Really, the key to making money out of blogs is to make them entertaining and informative enough that people will want to read'em. People call this "citizen journalism" these days - and for sure the WWW gives everyone the chance to produce a witty, readable, and attractive looking online publication that can beat the News Internationals up simply because the overheads are low and the potential is infinite. And the pixels are cheap.

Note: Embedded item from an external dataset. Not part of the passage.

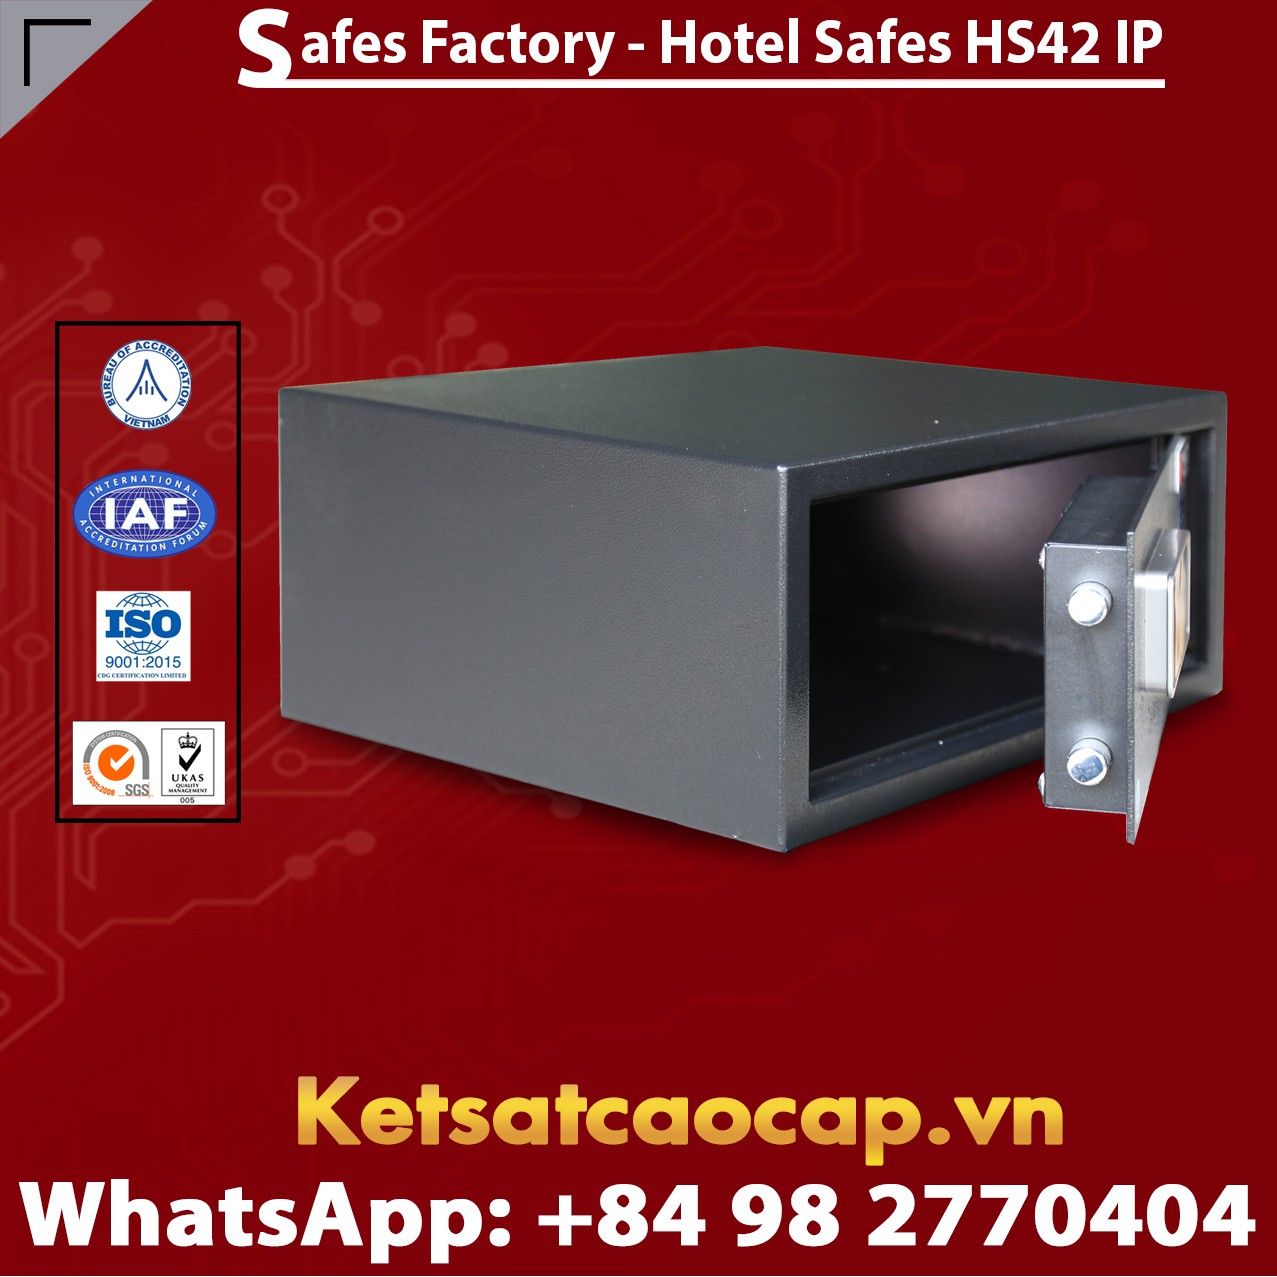 Best Hotel Safe For Home WELKO HS42 IP

Compare this to an old man's memory of what publishing was like only 35 years back. If you had a great idea for a magazine, you needed to find quite a bit of money and quite a lot of resources to get the thing off the ground. Then there was the problem of distribution - you could print off god knows how many copies of your bright idea but selling it was a totally different proposition. Even if it was a fantastic book, you were fighting against the odds if you managed to sell enough copies of whatever it was to break even. Then, for crying out loud, you had to buzz around and try and make your distributors pay.
Bob Walsh sees the whole picture very clearly. If you can afford the means of production and you've a good idea, there's really no obstacle to competing with mainstream press on any subject you want to write about. The INQ learned that last year when we published pictures of an exploding Dell in Japan and we were deluged with requests to reprint the pics we ran. Some of the mainstream press were good enough to give us a credit, although Fox News describing us as an obscure blog made us laugh quite a bit.
Foremski, in his interview in Clear Blogging, makes the very good point that he finds mainstream hacks to be a little bit timid. They obviously prefer to sit in their ivory towers and tippy tap through Google News to launch their breaking stories, rather than go it alone, like he did when he left the Financial Times.
And why do these journalists writing for the mainstream have more interesting stuff in their bogs than on their front pages? I think we should be told.
This book is highly recommended, and not just because the INQ gets a favourable write-up. If you really want to go it alone, this is an arsenal with enough ammo to get you started within a day or two without needing to find "angels" or plight your troth to vulture capitalists or publishers without a clue about 21st century publishing.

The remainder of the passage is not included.